We did that on walks, up to the Dairy Queen that stood on the end of Main Street and over to the ball fields just past it. It was like a Norman Rockwell painting come to life, literally Main Street, USA. Susie’s mom drove the school bus. Her dad worked at the milk-bottling plant. I’d talk to Susie about Nona and Tom, about my sister Celia and how I missed her because she lived so far away. Sometimes we held hands, maybe kissed, and the whole world suddenly felt electric, woozy, and wild, even though, looking back, it seems very wholesome—and it was.
Susie’s dad did not go to a church. “I worship God up on the mountain,” he’d say. But Susie’s mom attended the Nazarene church. Sometimes we’d go with her. There was a lot of singing of hymns, but I don’t know that those hymns made an impression. What I mostly remember is shyness, mine and Susie’s, as she sat on the bench beside me.

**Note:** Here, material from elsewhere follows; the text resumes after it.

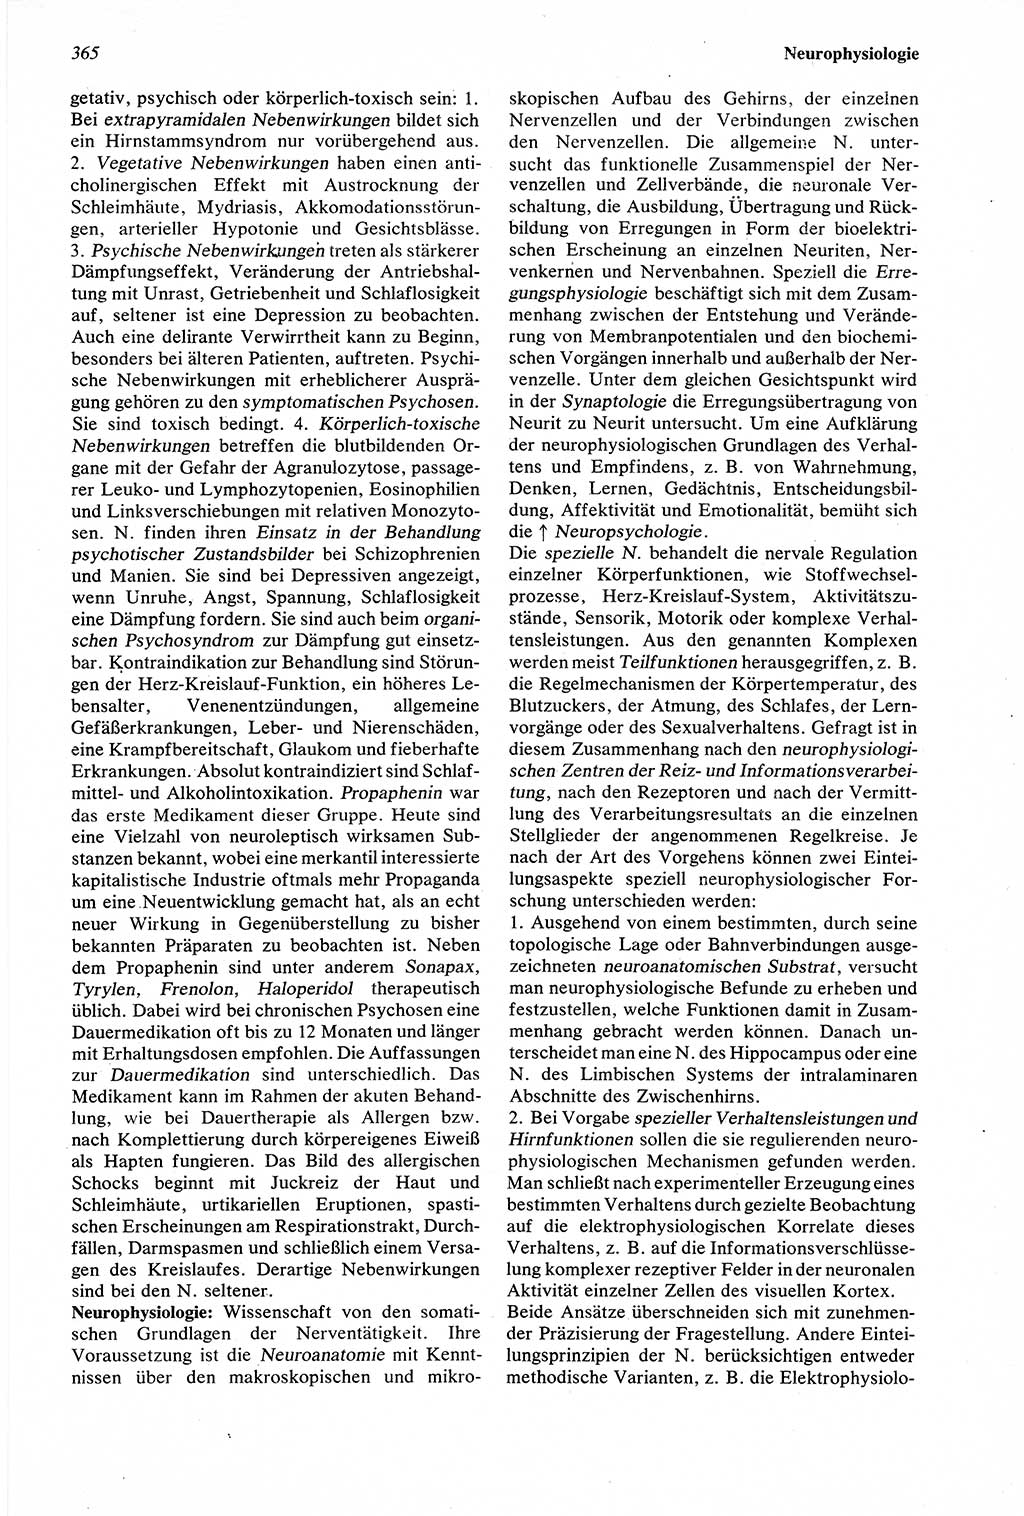 Wörterbuch der Psychologie [Deutsche Demokratische Republik (DDR)] 1976, Seite 365 (Wb. Psych. DDR 1976, S. 365)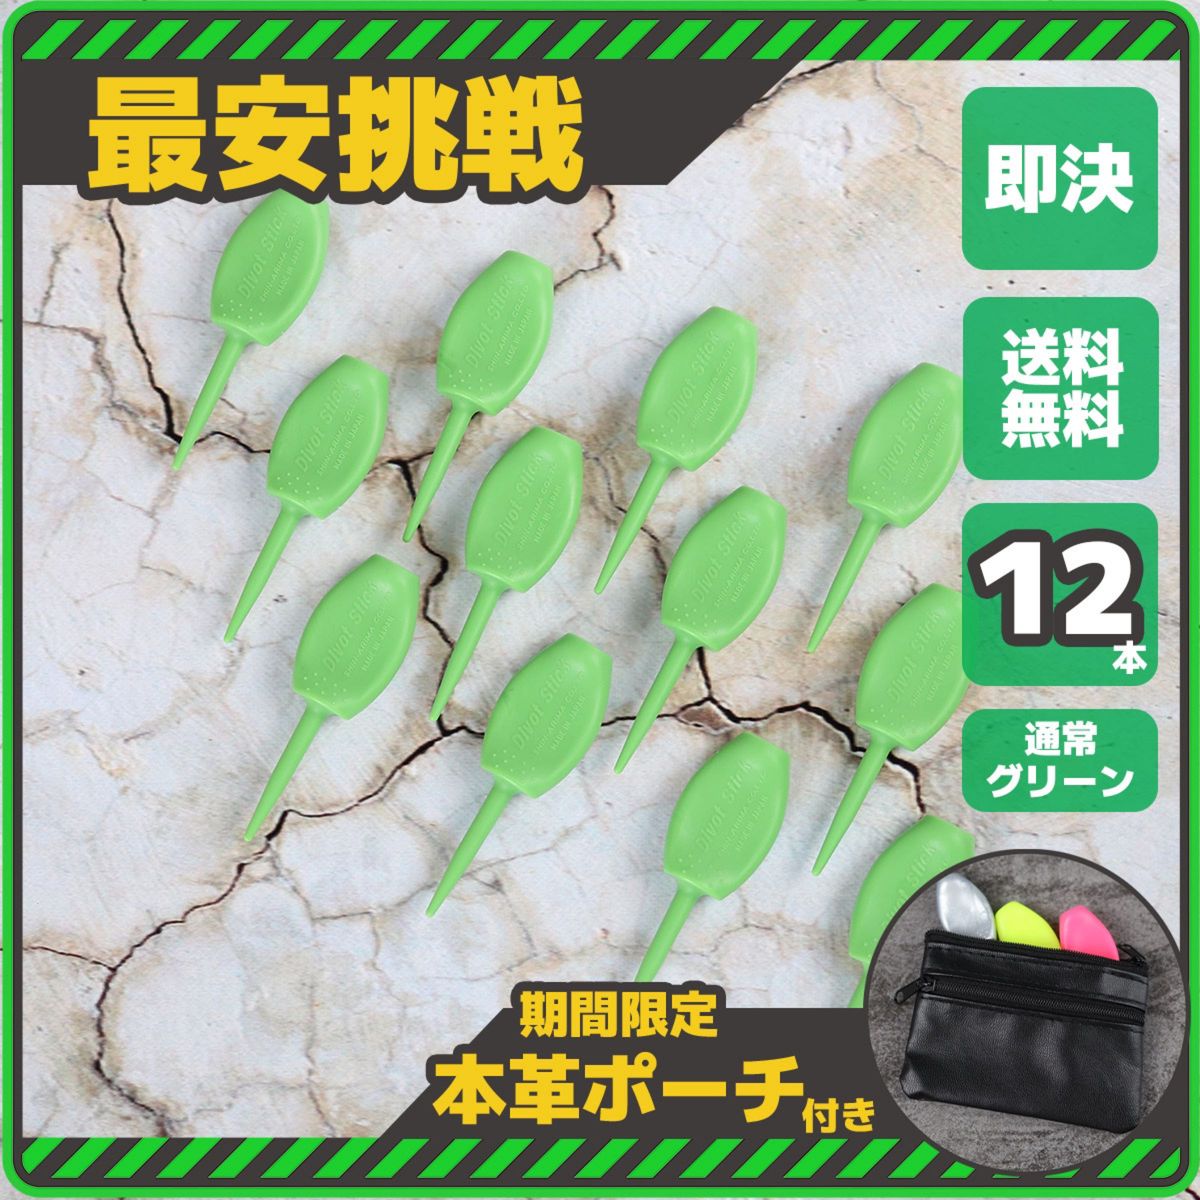 12本 日本製 パリティー 通常色 グリーン 緑色 ゴルフボール 跡 ゴルフティー ティーペグ グリーンフォーク b098Tg

Embarrassment at being seen in public with my “girlfriend.” But also pride, because the girl I liked seemed to like me.
Jerome and Twin Falls both lie in the same Idaho valley—Magic Valley. Once a month, all the Nazarene churches in Magic Valley went to the roller rink in Twin Falls. Susie and I went together, even though I couldn’t skate well and mostly held on to the wall. We went to the movies too, in Jerome’s one movie theater—a single-screen cinema off Main Street, next door to the bank. We held hands. Sometimes we went bowling. And there was a record we listened to all the time: a Seals and Crofts song called “Diamond Girl.” That became our summer song.
Twelve years later, when we were recording Mötley Crüe’s third album, I tried to come up with an excellent cover. We tried “The Boys Are Back in Town” by Thin Lizzy—a great song, but we couldn’t get it to work. We tried Elton John’s “Saturday Night’s Alright,” but that didn’t sound right to us either.
Then I said, “‘Diamond Girl’ by Seals and Crofts.”
Everyone else in the band said, “You’re crazy. This doesn’t even sound like a rock song!”
We rehearsed it. The other guys were right—it wasn’t going to work as a Mötley Crüe song. We covered “Smokin’ in the Boys Room” by Brownsville Station instead, and that song, from the same year as “Diamond Girl” (1973), was Mötley’s first top-forty hit. It went all the way to number three in the charts. But I sometimes wonder what would have happened if I had stuck to my guns and insisted on “Diamond Girl.”